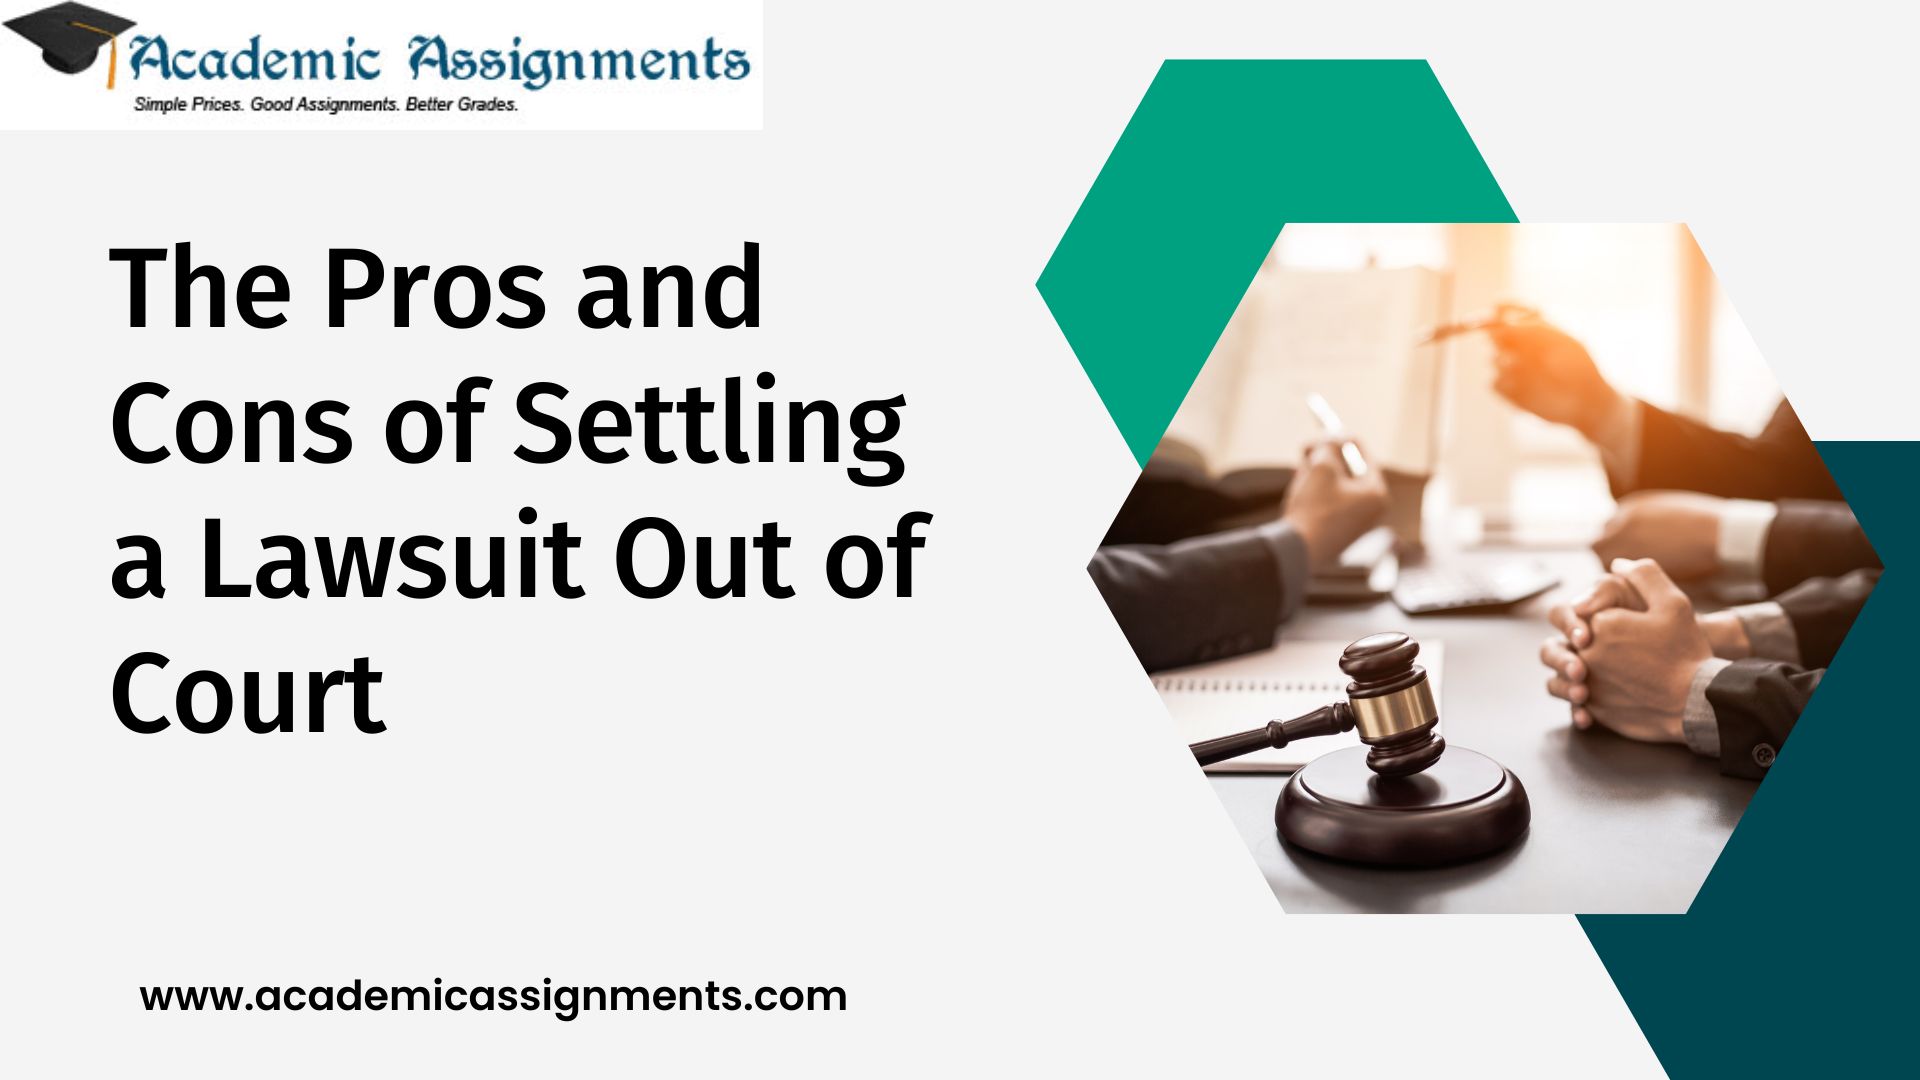 The Pros and Cons of Settling a Lawsuit Out of Court
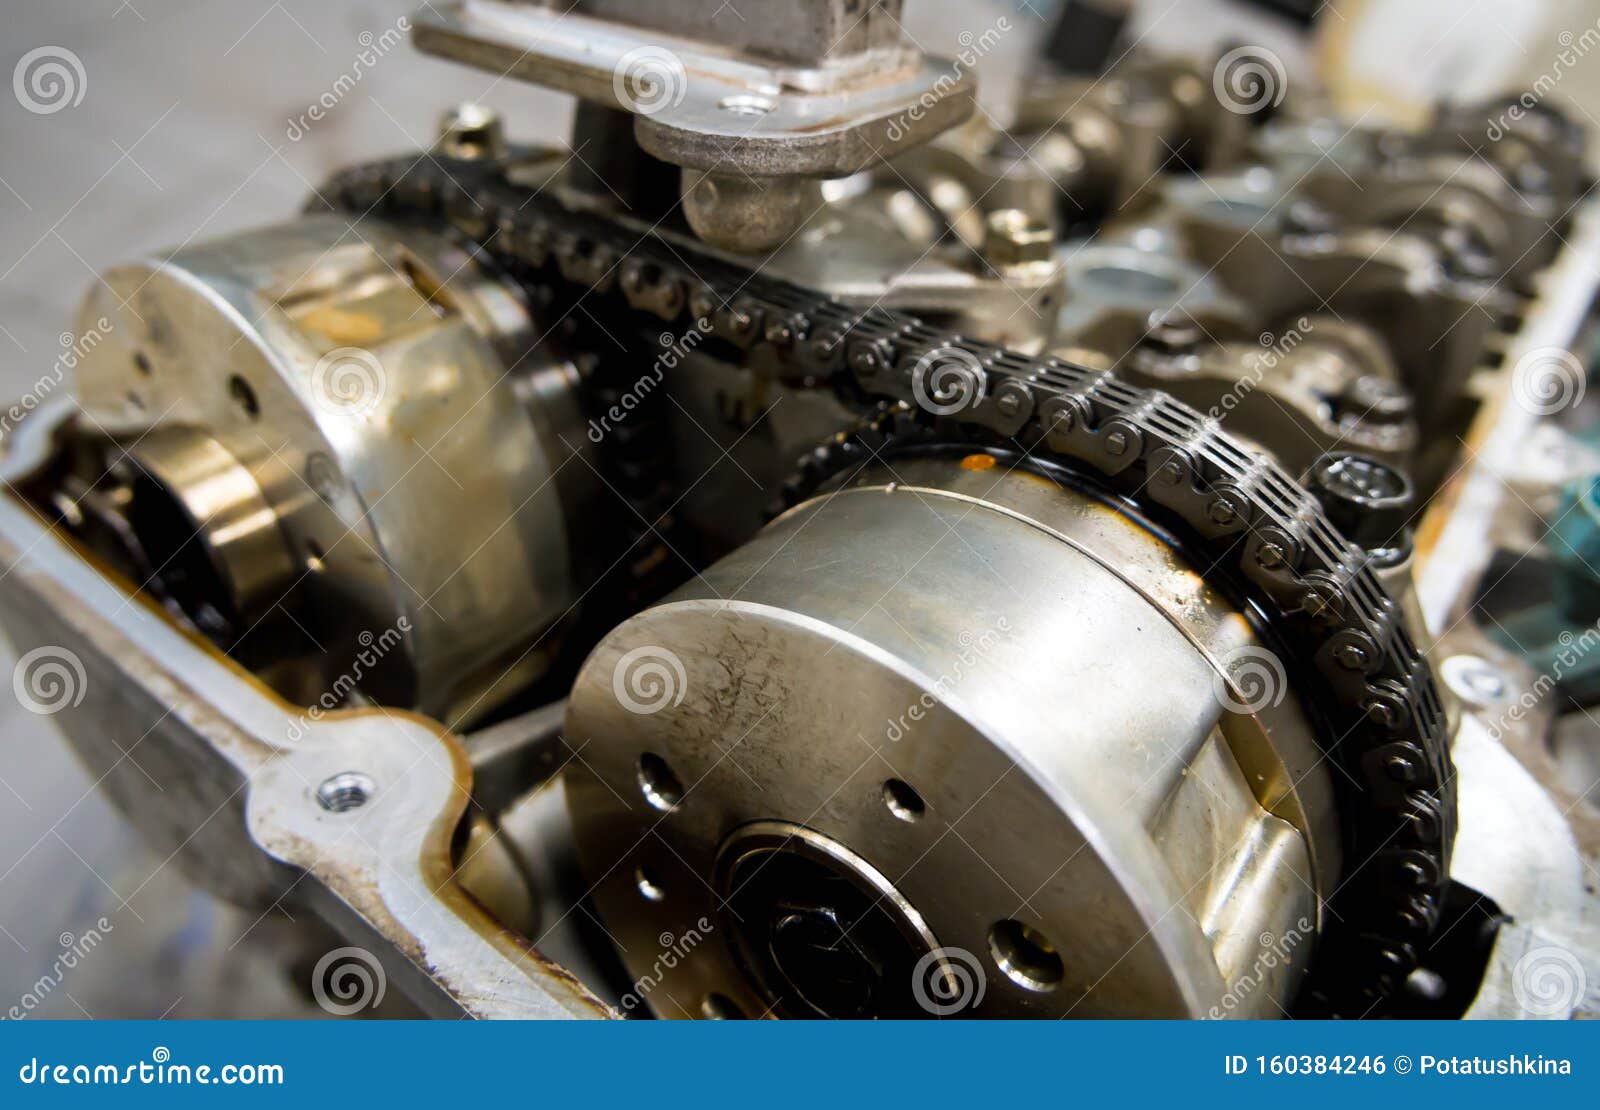 timing chain drive in a car engine
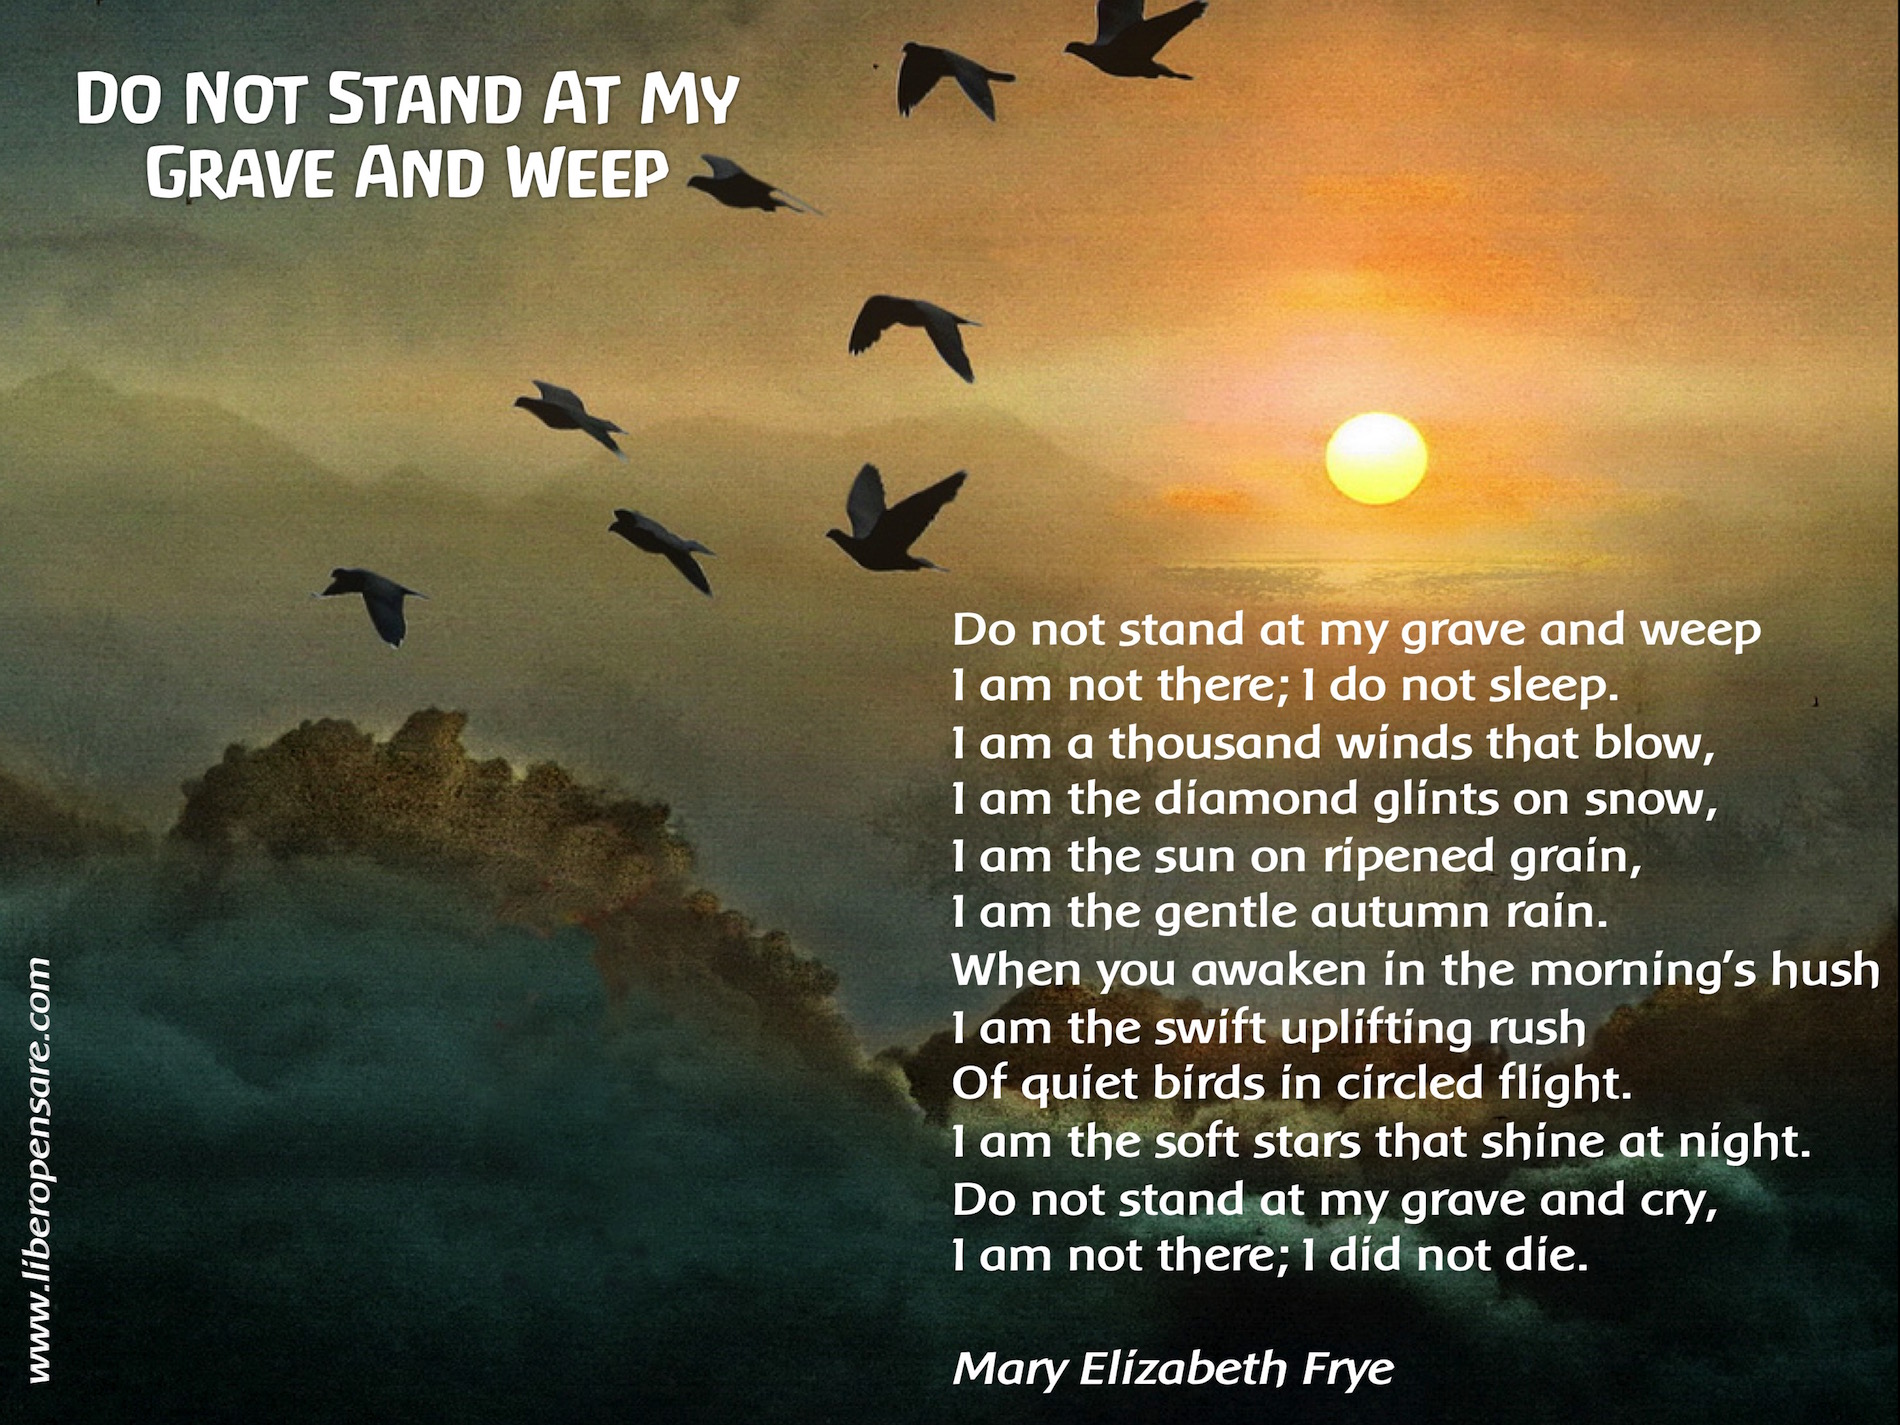 Do not stand at my grave and weep Mary Elizabeth Fryejpg

**Action item:**
Each line of the data must be transcribed exactly; pictures are not carried over.

**Response for this exercise:**
 The Pros and Cons of Settling a Lawsuit Out of Court
 timing chain drive in a car engine
 Do not stand at my grave and weep Mary Elizabeth Fryejpg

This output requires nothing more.